Стамбульский реванш (Карпович) - страница 56

– Суд постановил, – скрипучим голосом объявили с кафедры, – признать госпожу Викторию Стрельцов виновной в убийстве супруга Джана… и приговорить к десяти годам заключения в колонии строгого режима.


Это был конец. Крах жизни, финал, предугадать который Виктория никак не могла. Все, что произошло после вынесения приговора, осталось в памяти короткими яркими вспышками. Опрокинутое искаженное лицо матери, в секунду превратившейся из бодрой моложавой женщины в измученную старуху. Собственный истошный крик, потонувший в гомоне голосов присутствовавших на суде. Взгляд Альтана, отчаянный, исполненный муки. Ей показалось даже, что в глазах его, веселых зеленых глазах, которые она так любила, блеснули слезы. Лязг наручников, конвой, волокущий ее, бьющуюся в их руках, в камеру. Машина с зарешеченными окнами, в которой ее доставили в пересыльную тюрьму закрытого типа, где Виктории предстояло ждать этапа. Общая камера, раскаленная, провонявшая человеческими испражнениями, где одновременно находилось около пятидесяти женщин.

Никаких мыслей, никаких соображений о том, что делать дальше, в голове не осталось. Внутри набатом звучало лишь одно слово: «Конец! Конец…» За что судьба поступила с ней так? За то ли, что она предала себя, поддавшись обиде, саднящему уязвленному самолюбию, вышла замуж за мужчину, которого не любила? Или всему виной было то, что она, в свои тридцать пять, влюбилась очертя голову, поверила человеку, оказавшемуся инфантильным эгоистом? Что стало отправной точкой, спусковым крючком, спровоцировавшим взрыв, разрушивший ее жизнь? Ответов на эти вопросы у Виктории не было.

Теперь оставалось только ждать, когда в тюрьме наберется достаточное количество заключенных для отправки в колонию.
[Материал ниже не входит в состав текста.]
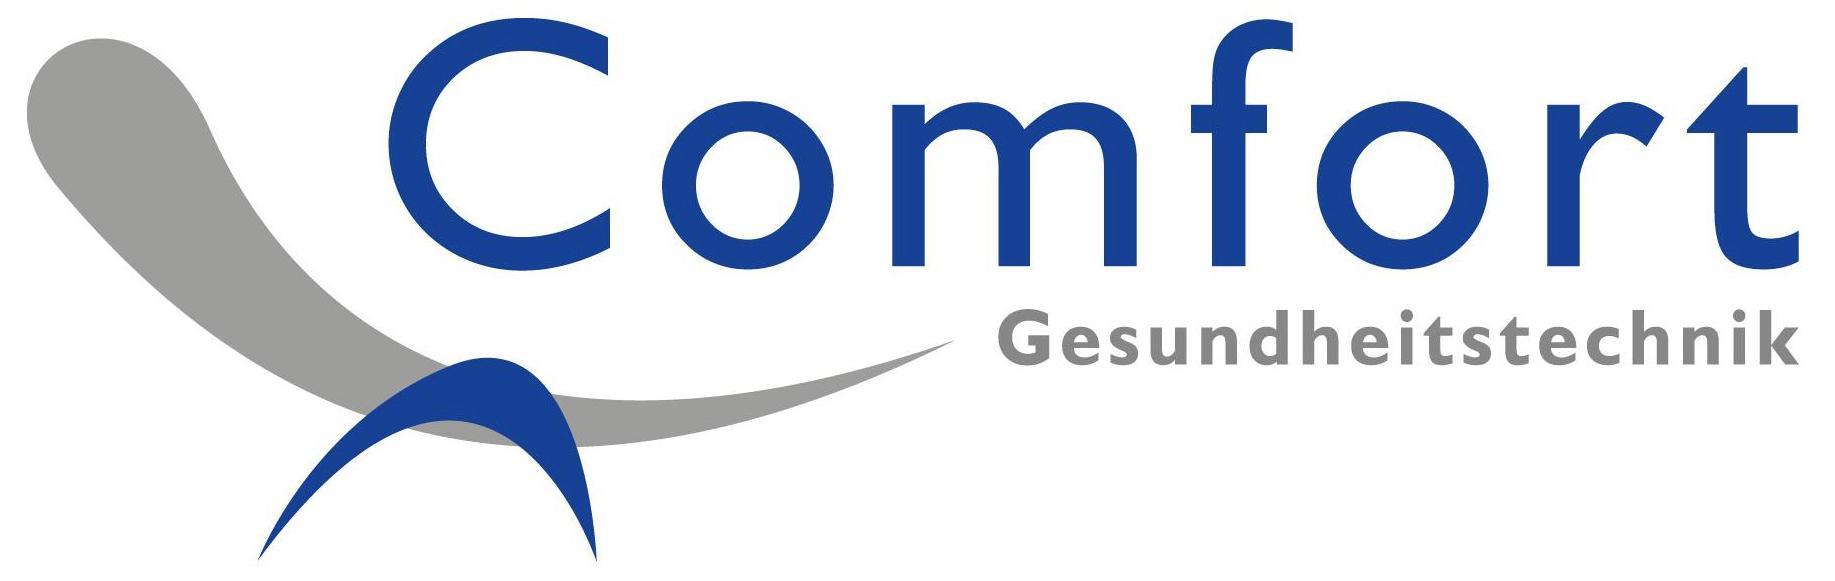 Comfort Gesundheitstechnik GmbH & Co. KG
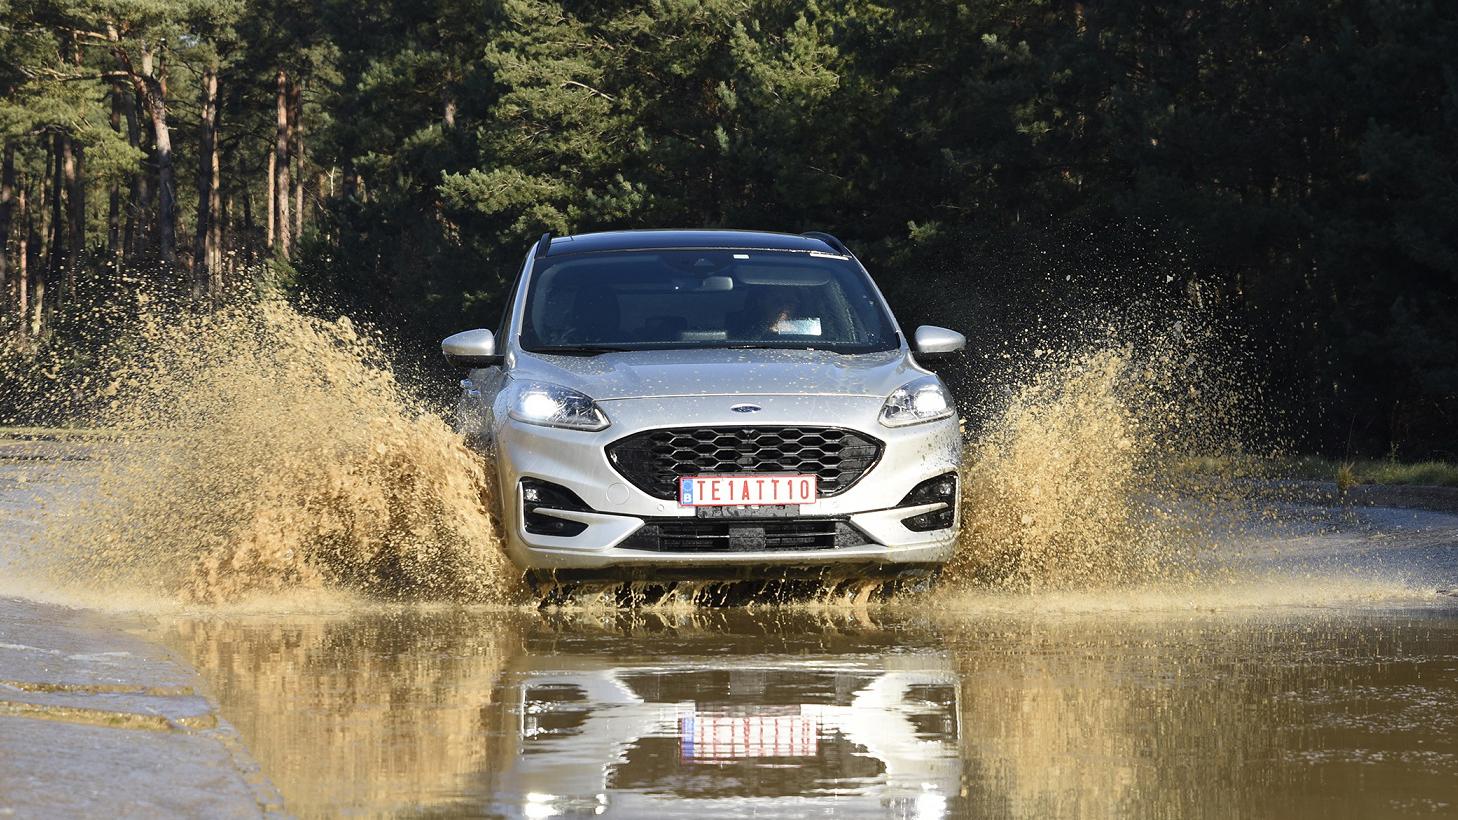 【影】來看全新國產 Ford Kuga 赴比利時受 Lommel 終極考驗!

И Виктория ждала, ждала, погрузившись в отрешенное сомнамбулическое состояние. Адвокат, добившаяся свидания с ней, убеждала:

– Не раскисай! Я не отступлю, буду писать, добиваться апелляции и пересмотра дела. Года три мы тебе скостим в любом случае. Через год или два тебя переведут на общий режим, это я тебе гарантирую.

Виктория рассеянно слушала ее, отмечая про себя: даже если срок ей скостят, когда она выйдет, ей все равно будет за сорок. Все пропало, все. Жизнь, творчество, карьера. Надежда на личное счастье, на семью. Ей никогда уже не стать матерью, не прижать к груди своего ребенка. И читатели за эти годы ее забудут. Все кончено.


В пересыльной тюрьме Стамбула она провела два месяца. А затем зарешеченный автобус доставил ее и еще пару десятков женщин-заключенных в колонию.

Территория тюрьмы была обнесена высоким забором, по верхнему краю которого тянулись густые мотки колючей проволоки. Автобус остановился перед воротами. Навстречу вышла вооруженная охрана, начальник конвоя о чем-то поговорил с ними, и ворота открылись, чтобы минутой позже захлопнуться за спиной Виктории, навсегда отгородить ее от свободы, радости, смеха, солнца, творчества, любви – всего, что до сих пор составляло ее жизнь. Серые двухэтажные корпуса с часто зарешеченными окнами, огороженная со всех сторон забетонированная площадка для прогулок, административные строения… Здесь ей предстояло жить. Именно это жуткое, словно пропитанное ощущением безнадежности, место называть своим домом.